Retype the listing exactly as it stands, and keep every image out.

> _Stored data_
■ ■ ■ ■
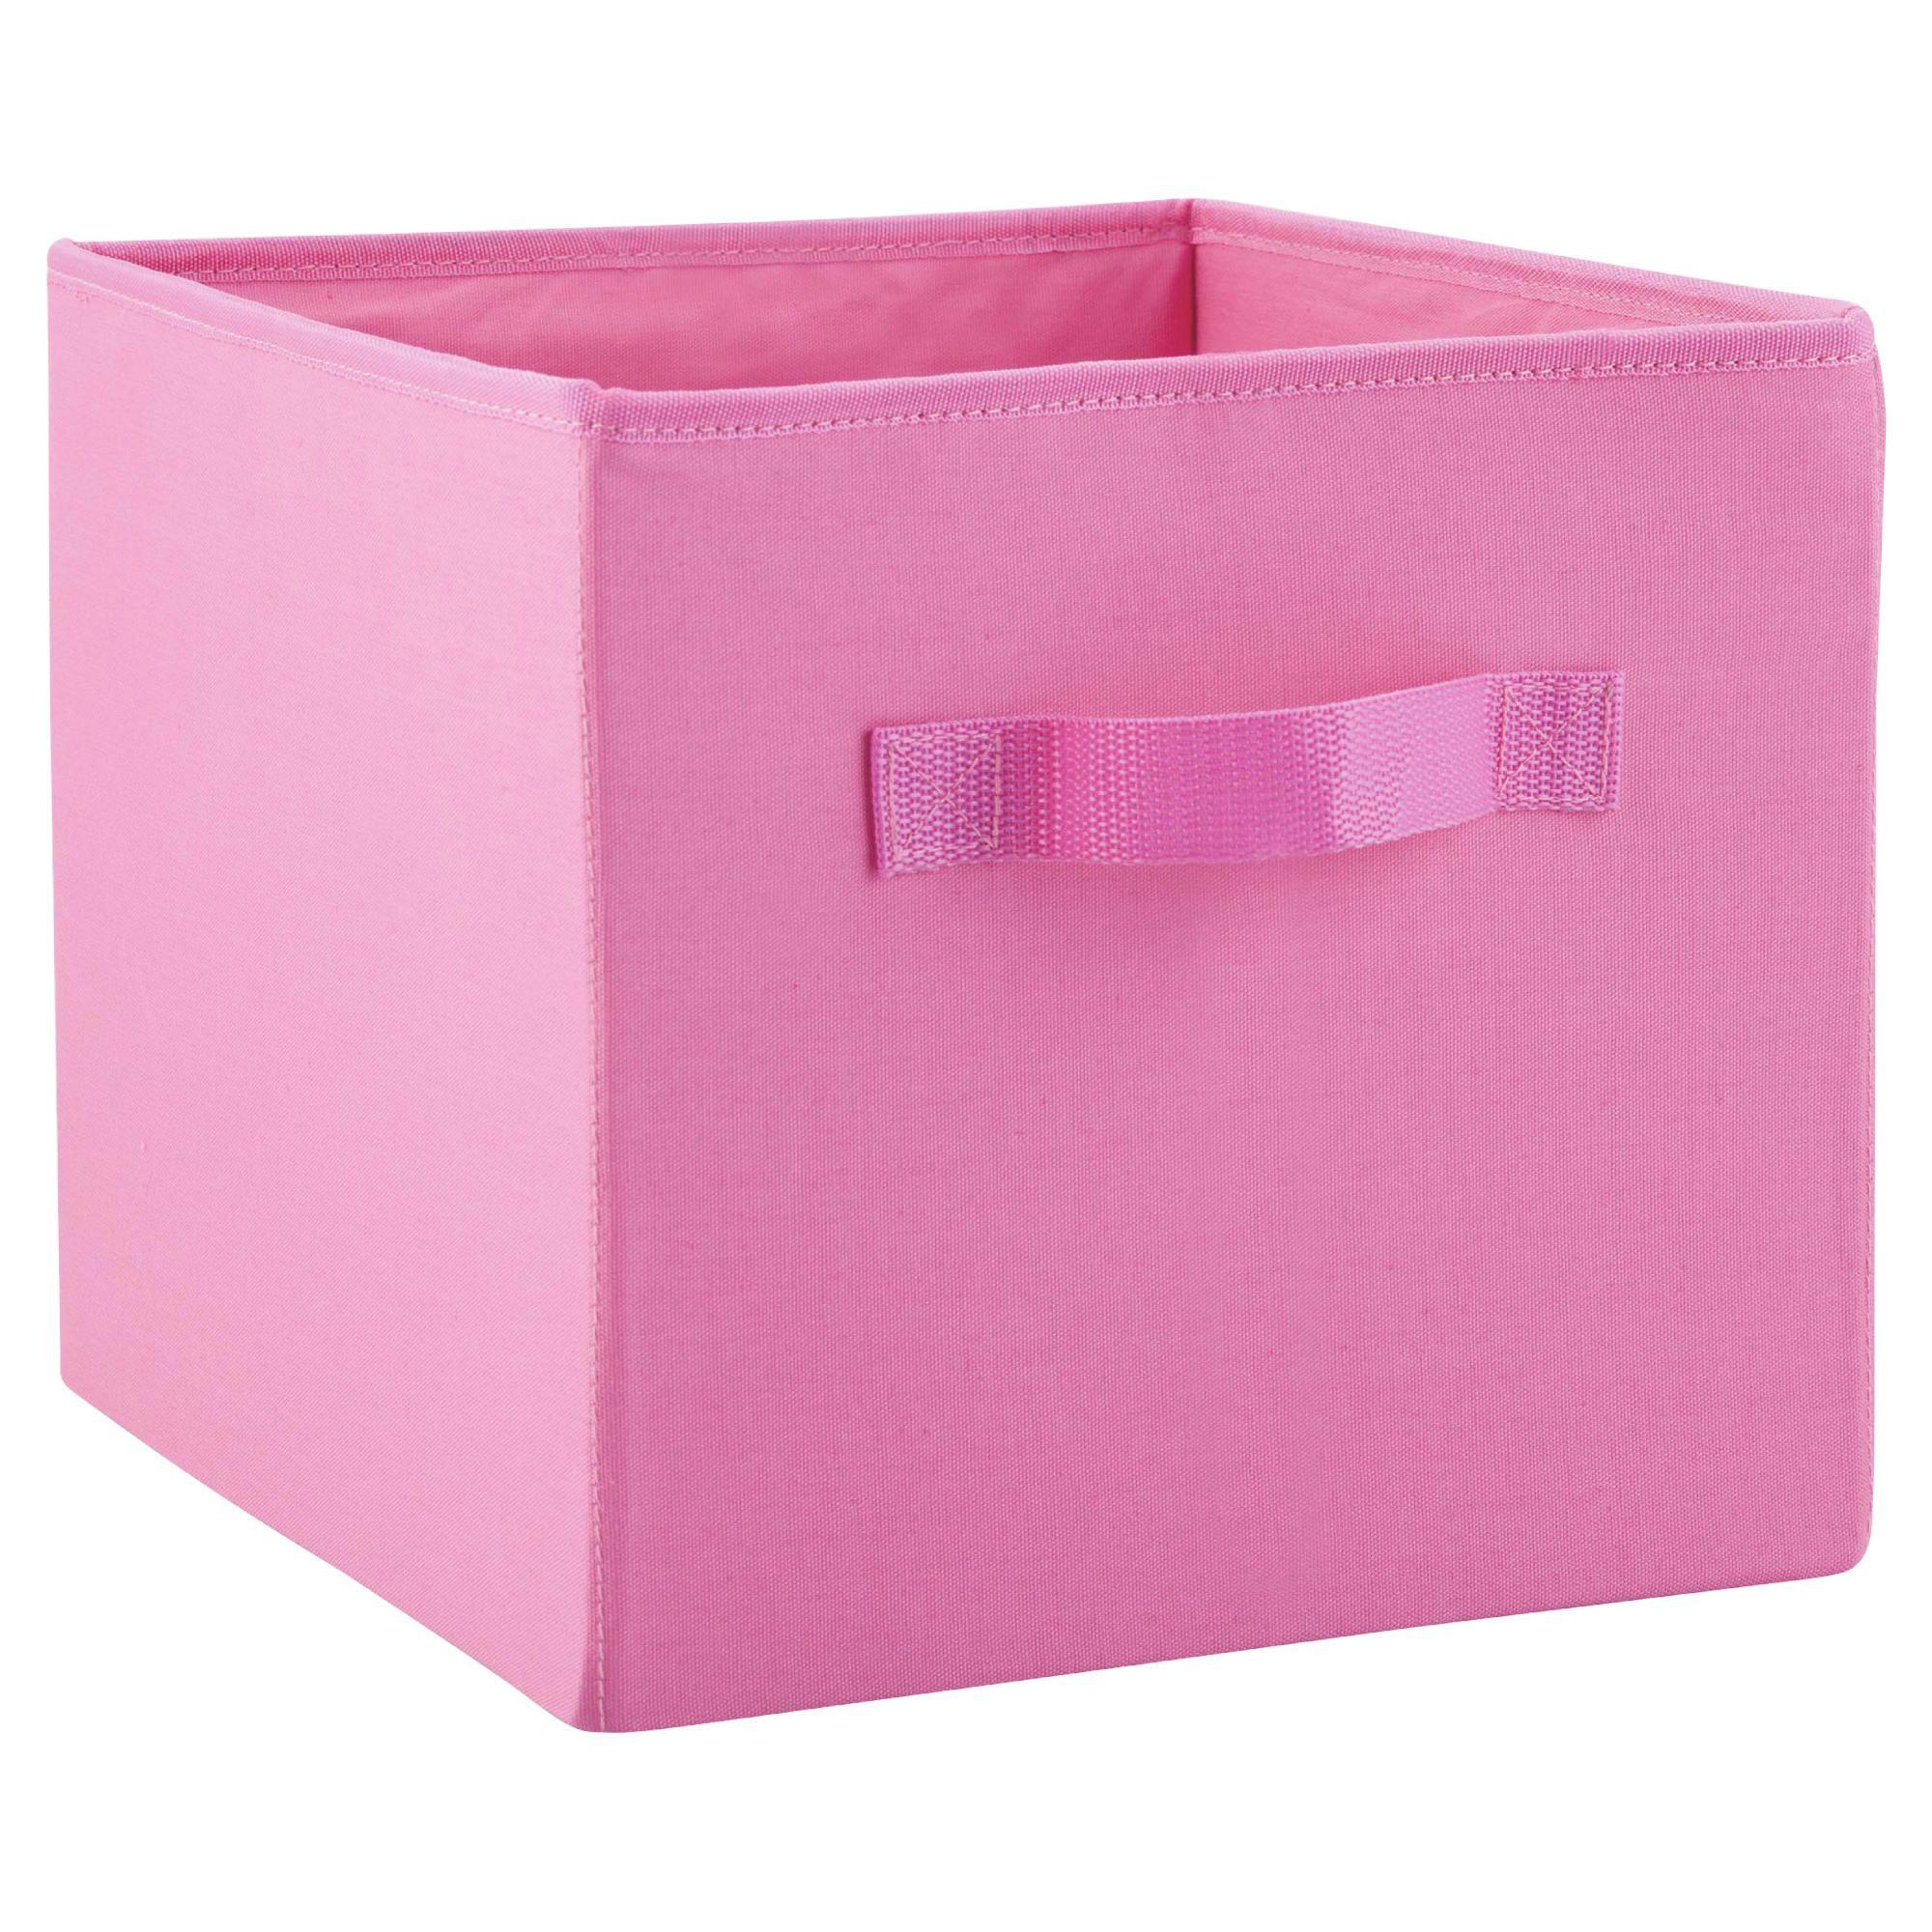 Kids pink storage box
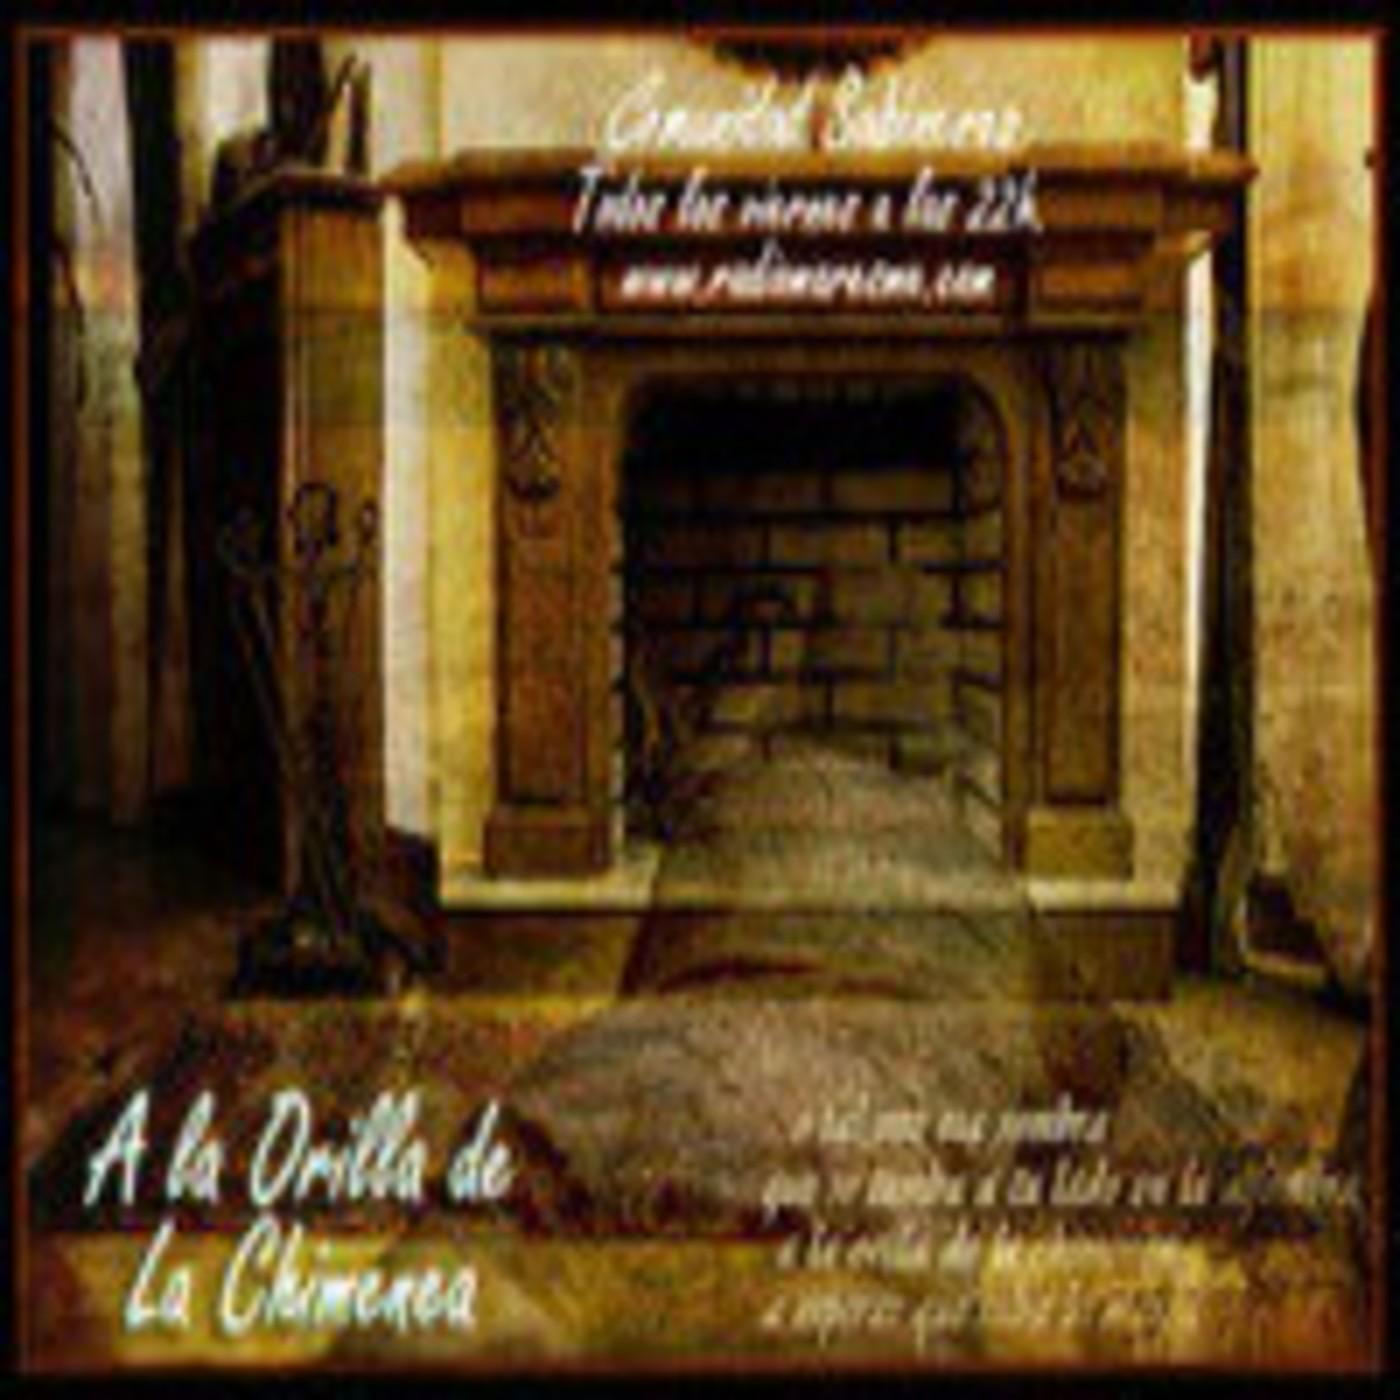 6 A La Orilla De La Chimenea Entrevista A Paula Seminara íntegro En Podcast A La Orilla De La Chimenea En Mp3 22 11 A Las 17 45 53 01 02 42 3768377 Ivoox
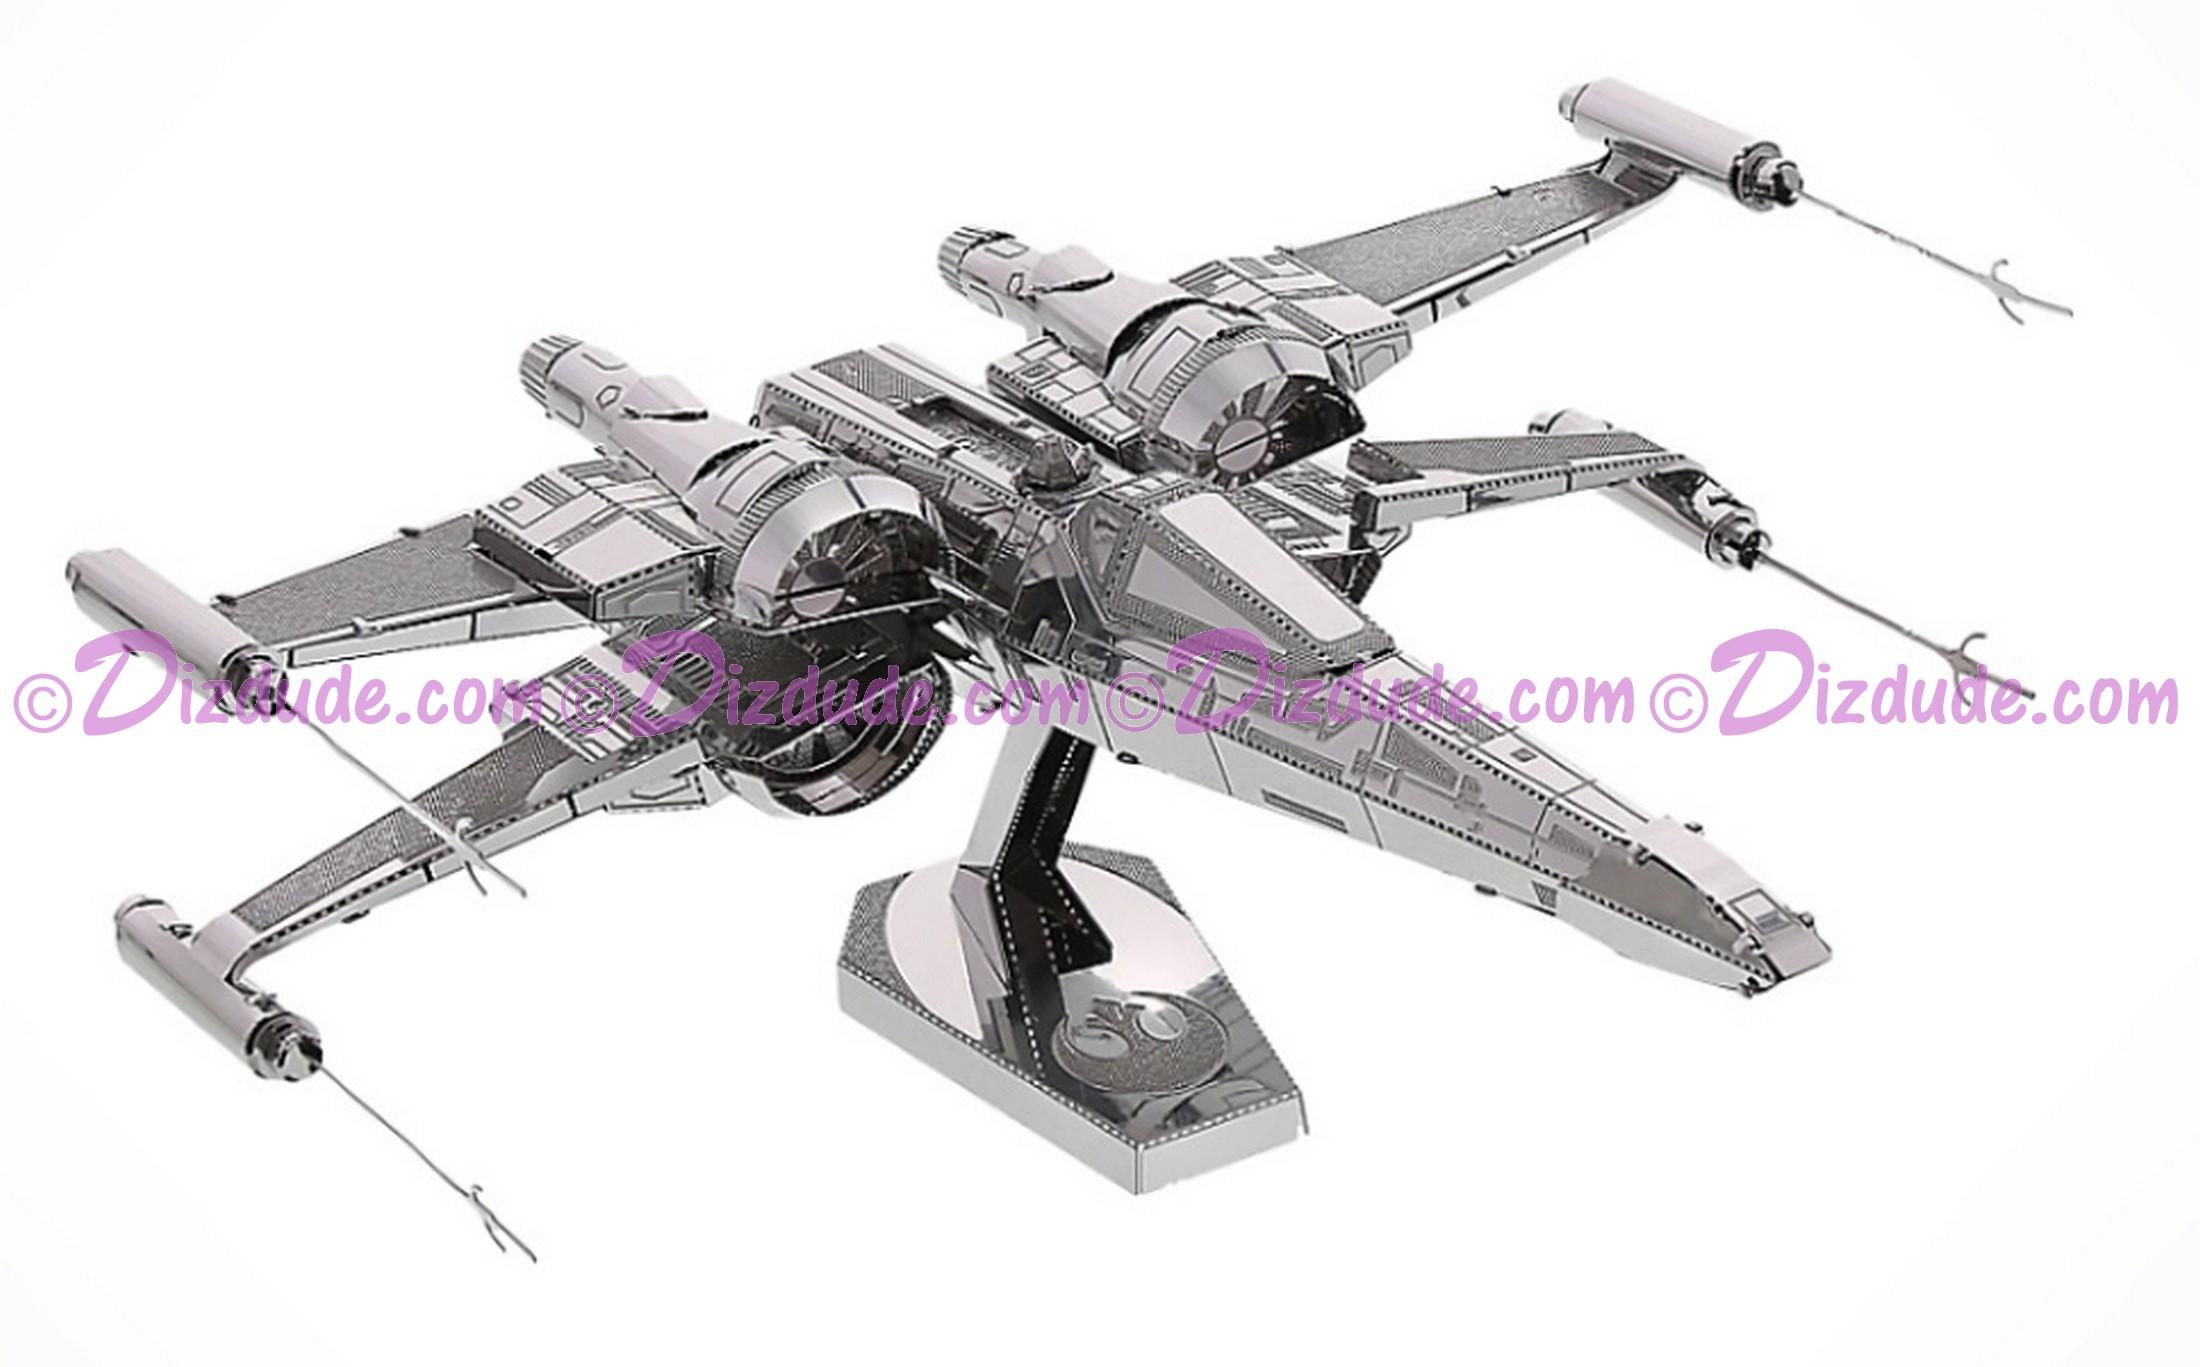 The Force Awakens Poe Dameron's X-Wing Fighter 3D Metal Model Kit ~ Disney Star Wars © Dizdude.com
■ ■ ■ ■
> _Problem solution_
 Kids pink storage box
 6 A La Orilla De La Chimenea Entrevista A Paula Seminara íntegro En Podcast A La Orilla De La Chimenea En Mp3 22 11 A Las 17 45 53 01 02 42 3768377 Ivoox
 The Force Awakens Poe Dameron's X-Wing Fighter 3D Metal Model Kit ~ Disney Star Wars © Dizdude.com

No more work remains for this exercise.